Does anyone know of any other .tivo (HD) conversion tools? Online there's lots of reference to Direct Show Dump, but I can't find a download.


----------



## dlfl (Jul 6, 2006)

dbutts said:


> I bought the WD HD Live and its an awesome little device for outputting various formats from home network, USB, media server via HDMI to TV.
> 
> It works great for things I've downloaded (.mkv, avi, etc).
> 
> ...


Here's a good review of the WD HD Live -- looks nice!

I'm confused: Do you use pyTiVo *with* the HD Live somehow? (It looks more like a *substitute* for a PC,/pyTiVo/TiVo combination) 

Where do you get your video files to use with the HD Live (other than converted .TiVo files)?

Sorry I can't help with your Tivo Decoder audio problem.


----------



## Bierboy (Jun 12, 2004)

dlfl said:


> Here's a good review of the WD HD Live -- looks nice!....


My LG BD390 Blu-ray does everything this does, plus more....


----------



## dlfl (Jul 6, 2006)

Bierboy said:


> My LG BD390 Blu-ray does everything this does, plus more....


It ought to do more -- the Amazon price is $274 while the HD Live is $120.

Obioiusly the LG device plays blue-ray disks, which is "more".

Does the LG device play files directly from a USB stick or USB drive, with the broad range of media types supported by the HD Live? If not, that would be a "less".

What other "more"s are there?


----------



## jmemmott (Jul 12, 2003)

dbutts said:


> I bought the WD HD Live and its an awesome little device for outputting various formats from home network, USB, media server via HDMI to TV.
> 
> It works great for things I've downloaded (.mkv, avi, etc).
> 
> ...


I believe that the same issues that affect the original WDTV also affect the WD HD Live. See the following comment : http://www.tivocommunity.com/tivo-vb/showthread.php?p=7570460#post7570460


----------



## dbutts (Mar 28, 2007)

I get my files online or from friends. I do not condone filesharing, but there are plenty out there in the torrent world if you look.

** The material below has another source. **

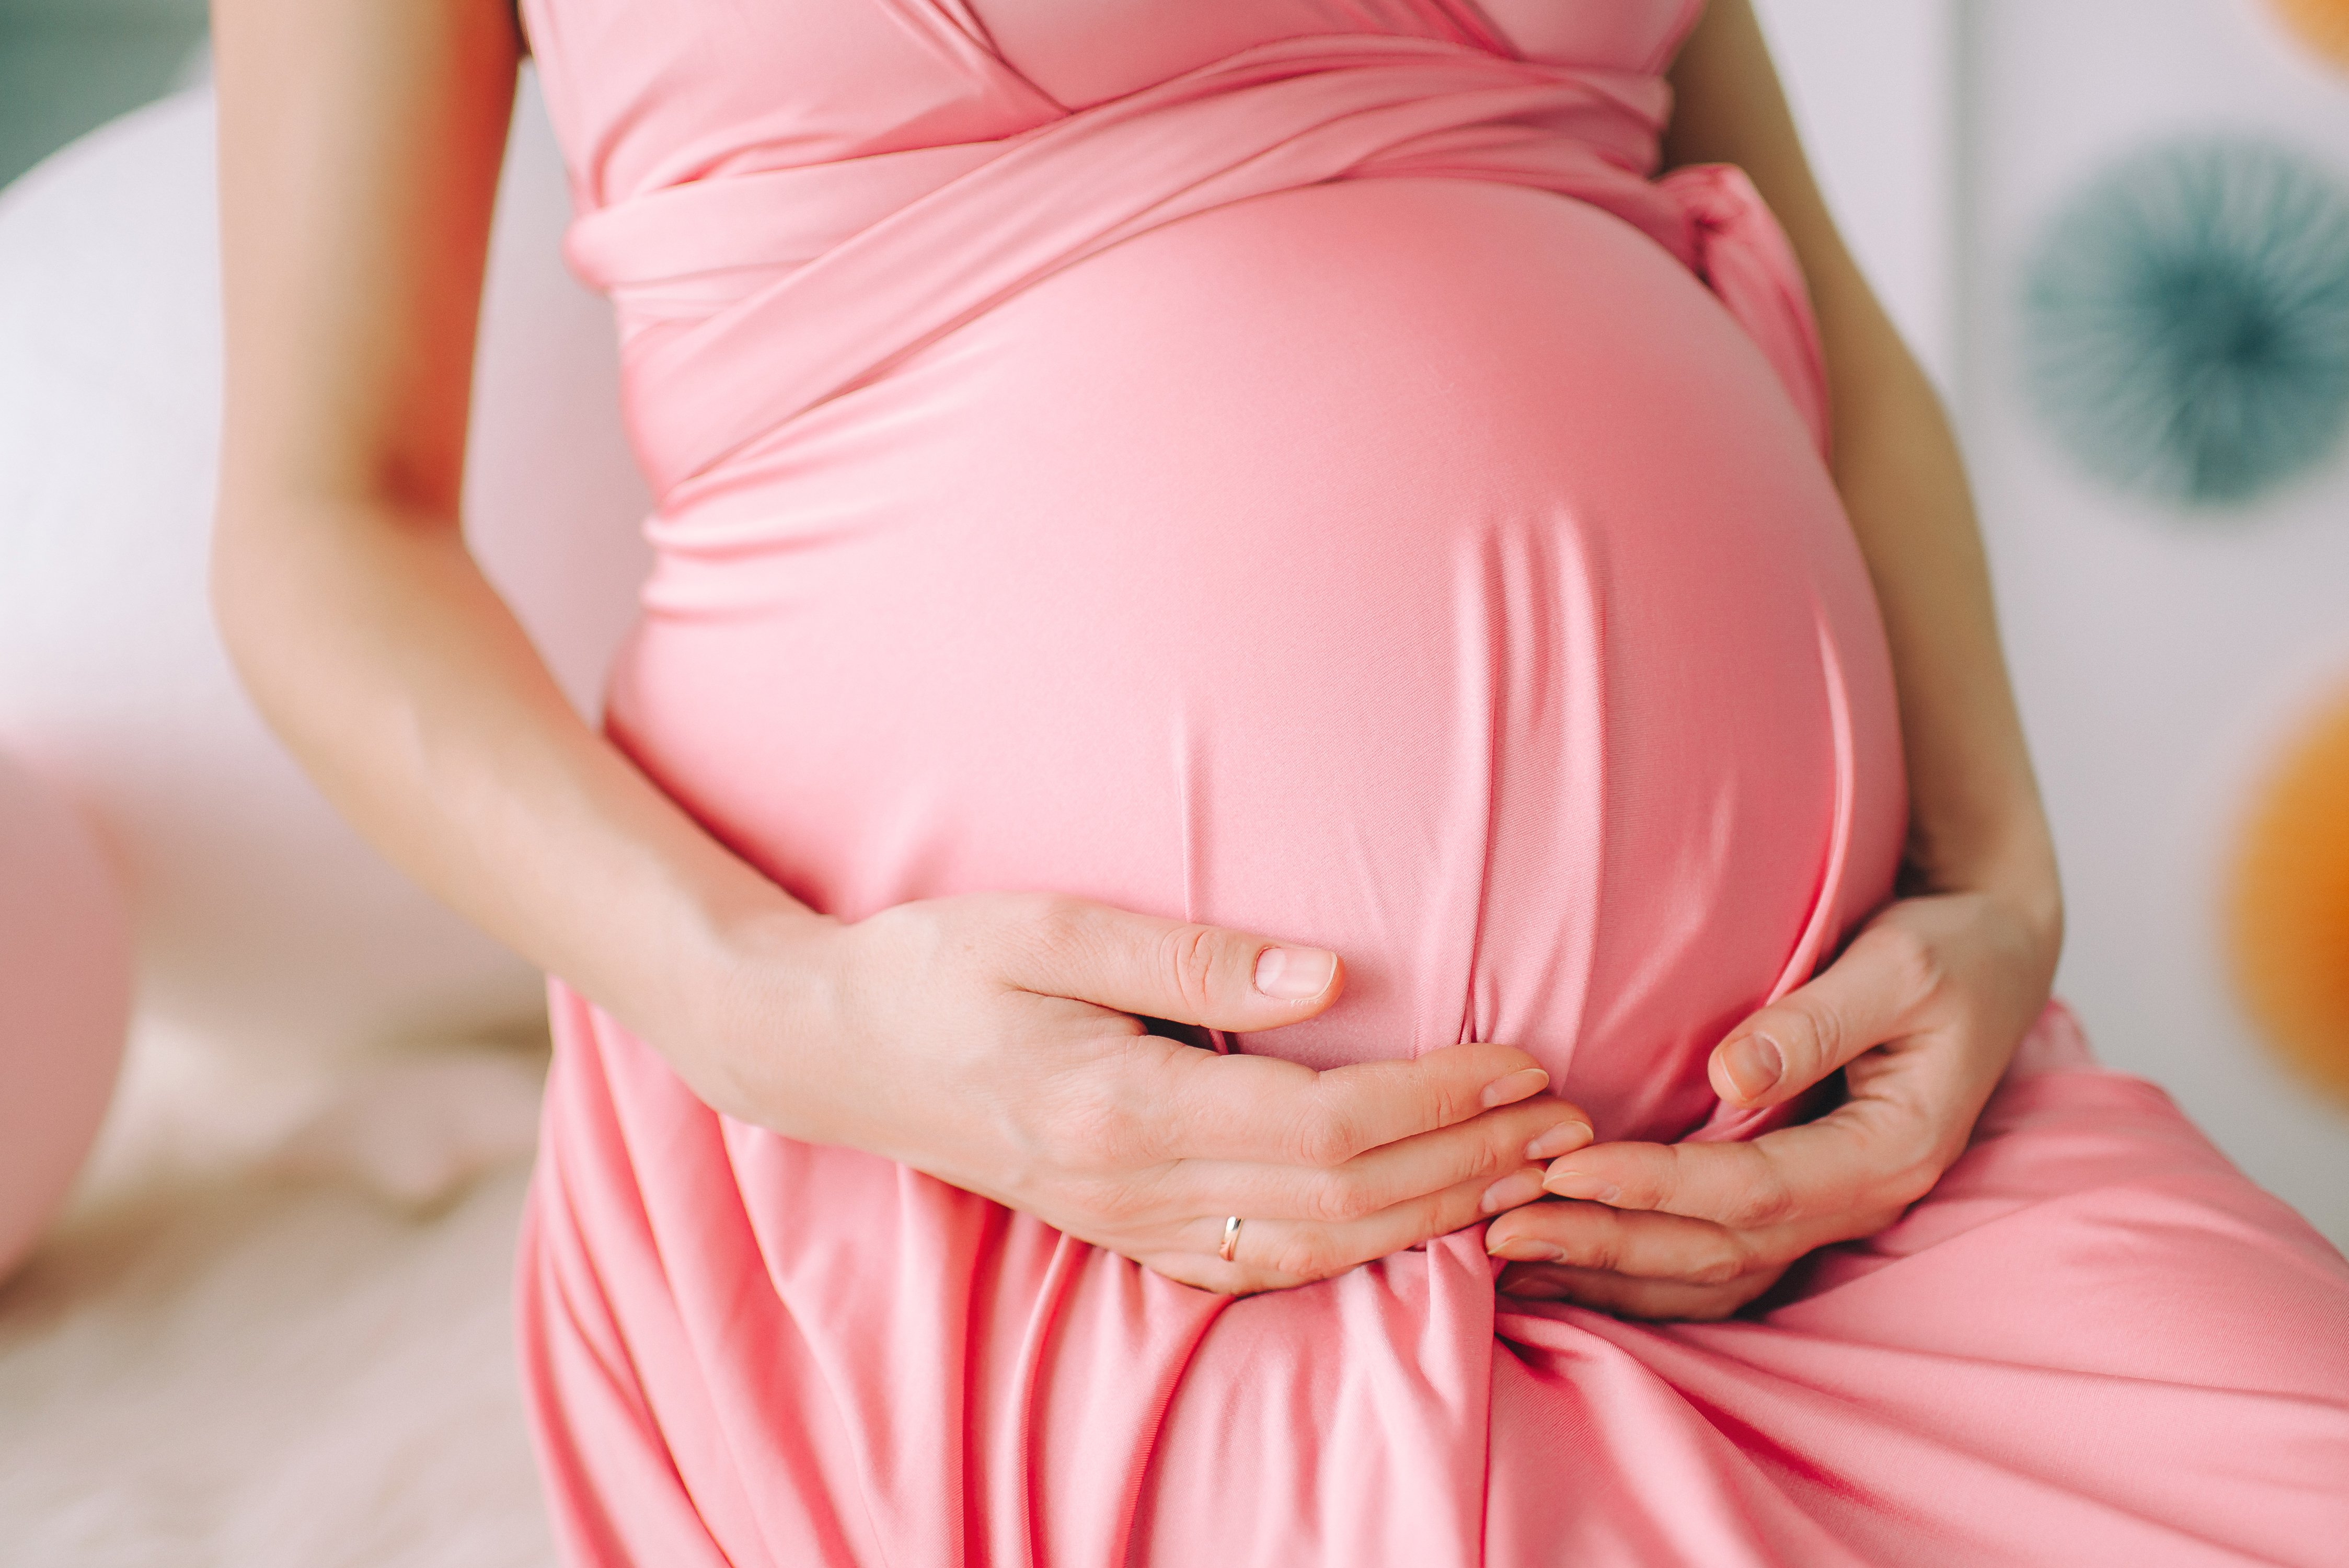 Schwangere Frau mit Babybauch | Quelle: Shutterstock

No, not the same as pytivo. I use pytivo to pull shows that i record on my hd tivo to my pc then convert them to something that the WD HD Live can use.


----------



## dbutts (Mar 28, 2007)

all of this said:

does anyone know of another .tivo converter? (HD only please)


----------



## jmemmott (Jul 12, 2003)

dbutts said:


> all of this said:
> 
> does anyone know of another .tivo converter? (HD only please)


All that said:

If you follow the link I left above, it will take you to the KTTMG thread which is an alternate .tivo converter and tell you why simply switching to another .tivo converter will not be sufficient to fix your audio issues...


----------



## aaronwt (Jan 31, 2002)

dlfl said:


> It ought to do more -- the Amazon price is $274 while the HD Live is $120.
> 
> Obioiusly the LG device plays blue-ray disks, which is "more".
> 
> ...


yes it does play directly from a USB drive. although I've only used it over my network.. I can't envision me actually hooking an external device to it when it's much easier to just get it over the Network.

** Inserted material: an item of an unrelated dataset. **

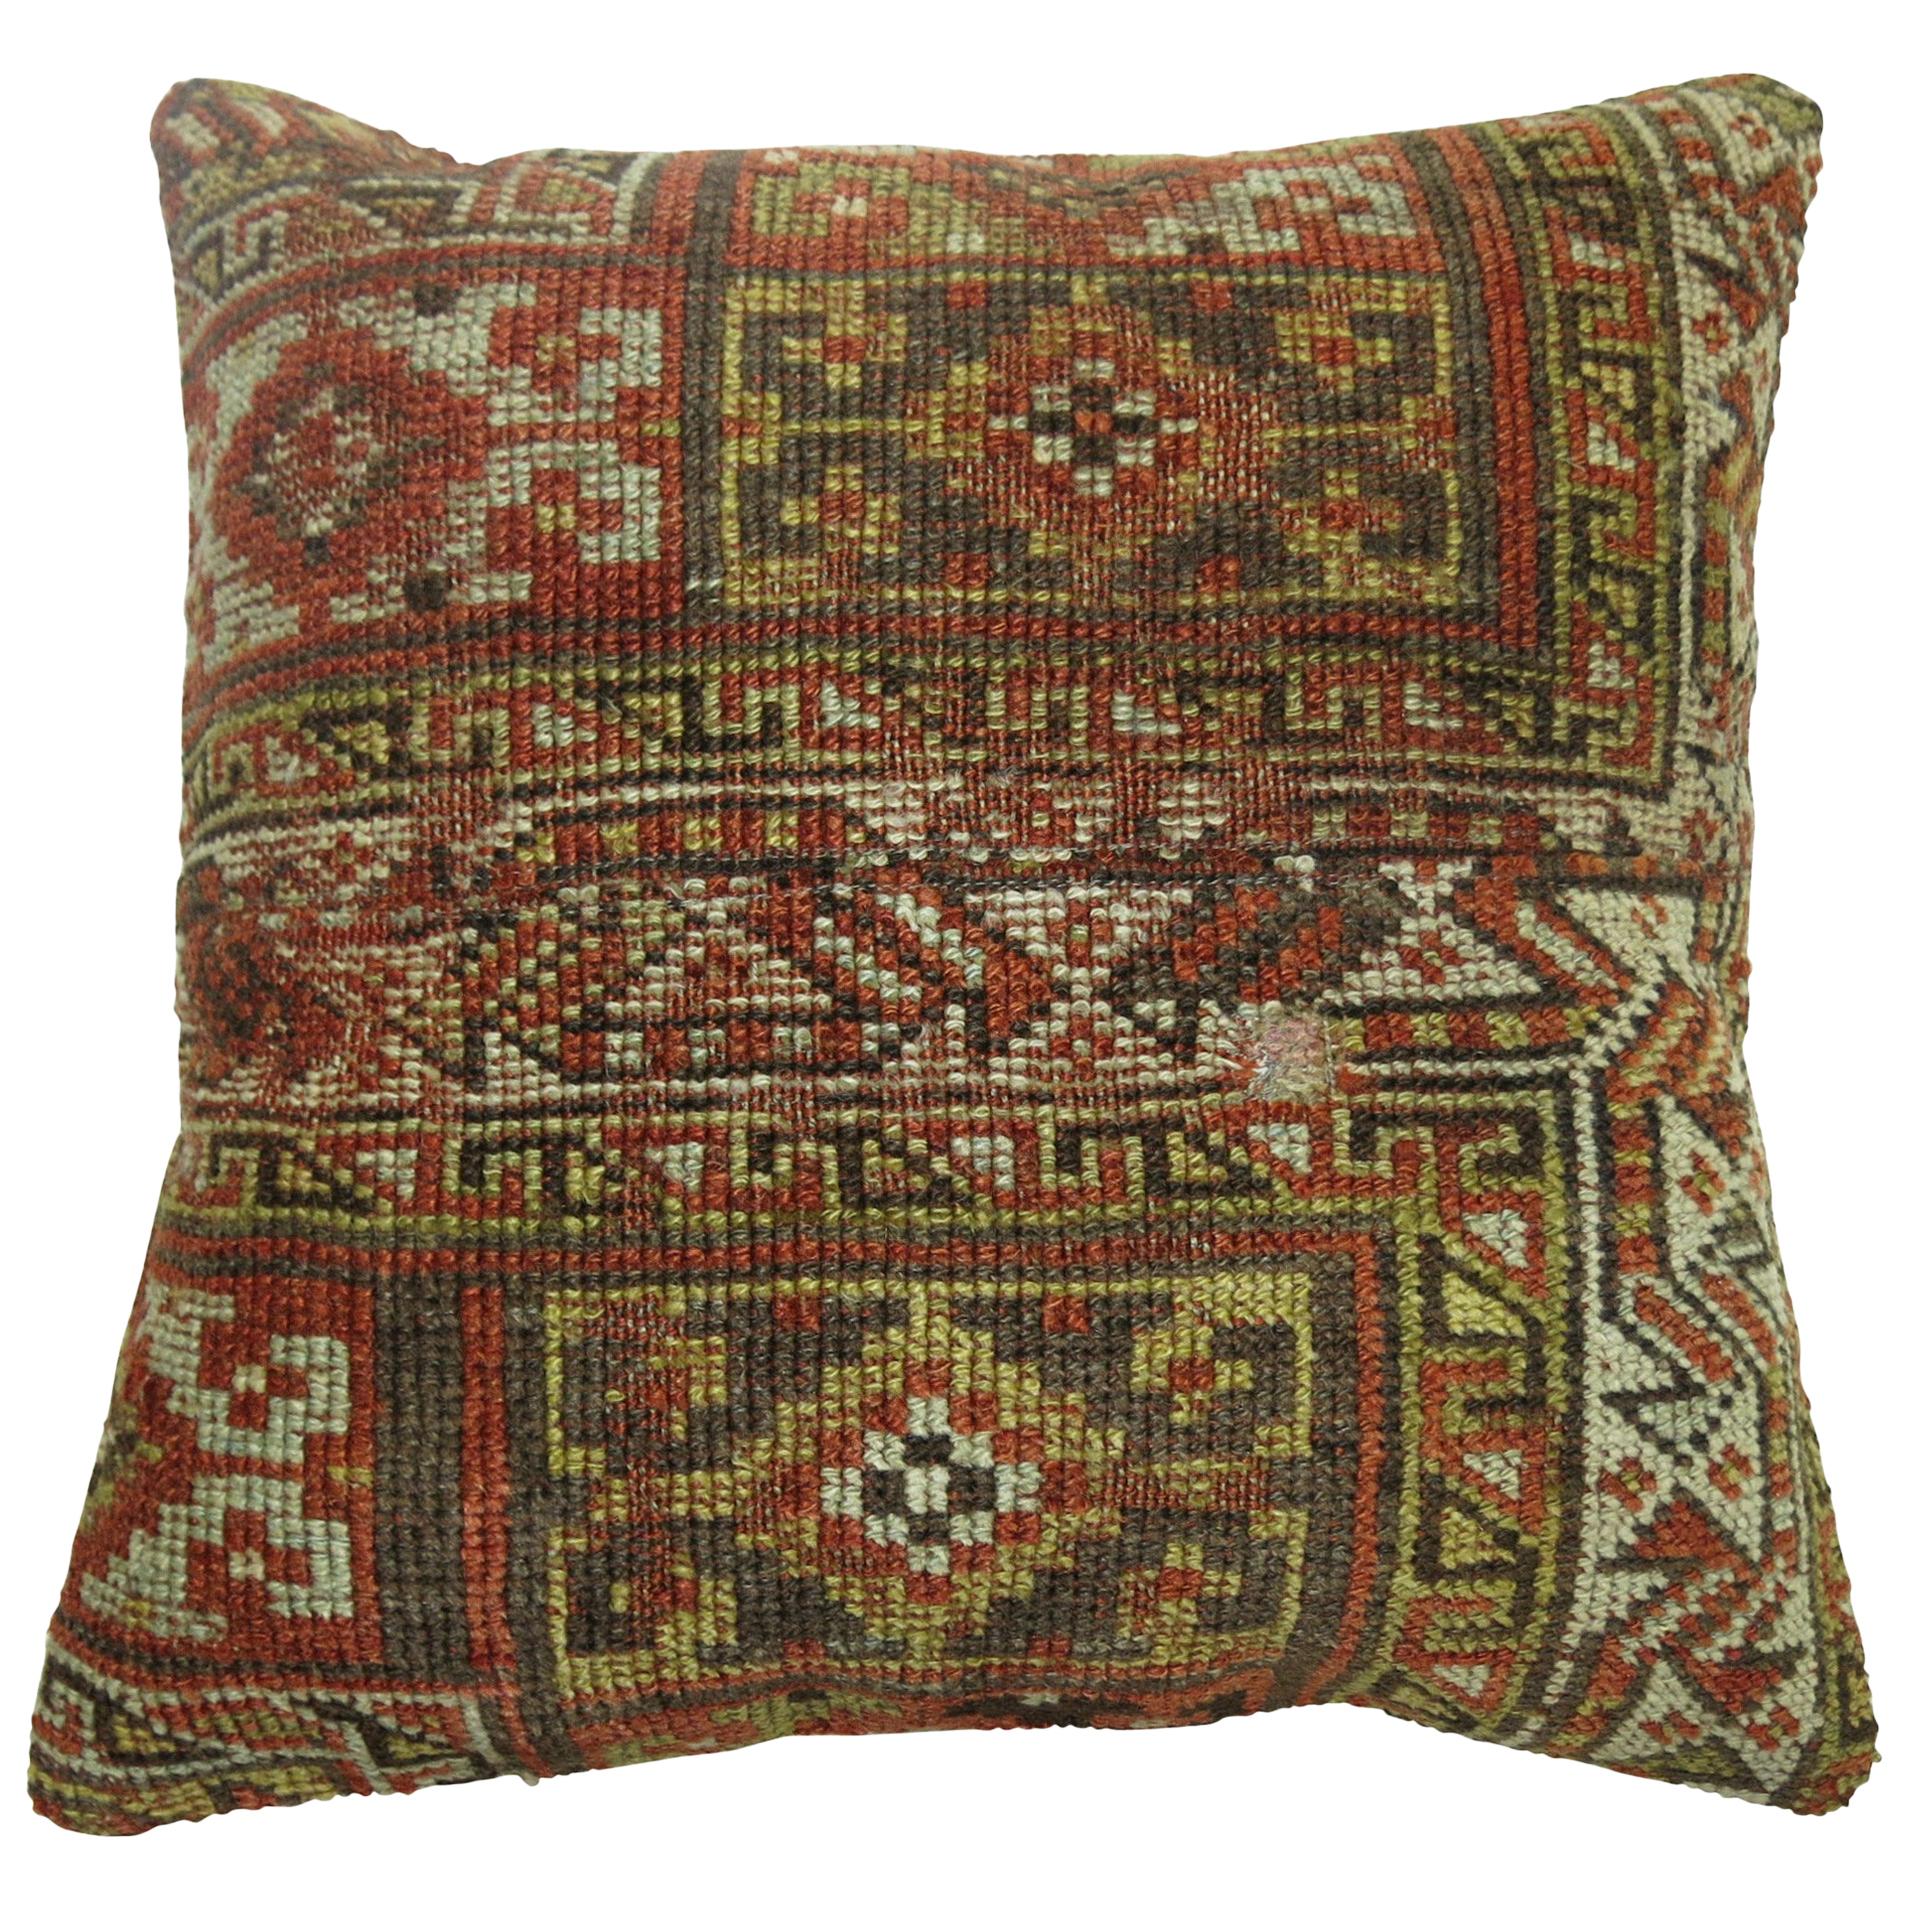 Rustic Persian Rug Pillow

But the LG BD390 also has VUDU, Netflix streaming and youtube streaming.
Certainly worth the $240 that amazon was selling it for last month.

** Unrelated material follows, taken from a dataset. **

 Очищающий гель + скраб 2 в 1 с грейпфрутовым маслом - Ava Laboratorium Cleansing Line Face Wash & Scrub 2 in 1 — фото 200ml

Especially since the BD player part is as fast or faster than a PS3 slim.


----------



## dbutts (Mar 28, 2007)

odd thing: files that i convert from my series 2 (low def tivo) work just fine.. its the ones from the hd tivo that have no audio.. .. and when i say "no audio" i mean on the wd hd live.. they have audio on my pc.. hrrm..

thanks for the link. reading it now and i think i understand what's happening...still not sure why it works on my pc and not on the wd live.


----------



## jbernardis (Oct 22, 2003)

Can this device easily access network attached storage without any software running on my PC? I have lots of video up on an NAS drive, but in order to get to it with my tivo, I have to have my PC turned on and tivo desktop or pytivo running. If this device could mount the NAS storage directly without an intervening PC, that would seal the deal for me.


----------



## dlfl (Jul 6, 2006)

aaronwt said:


> yes it does play directly from a USB drive. although I've only used it over my network.. I can't envision me actually hooking an external device to it when it's much easier to just get it over the Network.
> 
> But the LG BD390 also has VUDU, Netflix streaming and youtube streaming.
> Certainly worth the $240 that amazon was selling it for last month.
> ...


Thanks, just learning here.

It appears the WD device requires a USB adapter to do wireless networking, which adds around $65 if you need it.

The WD device review says it also gets youtube.

Yep, according to camelcamelcamel.com the peak low price for the LG unit was $237.98 on Oct. 25th. (New unit, directly from Amazon.)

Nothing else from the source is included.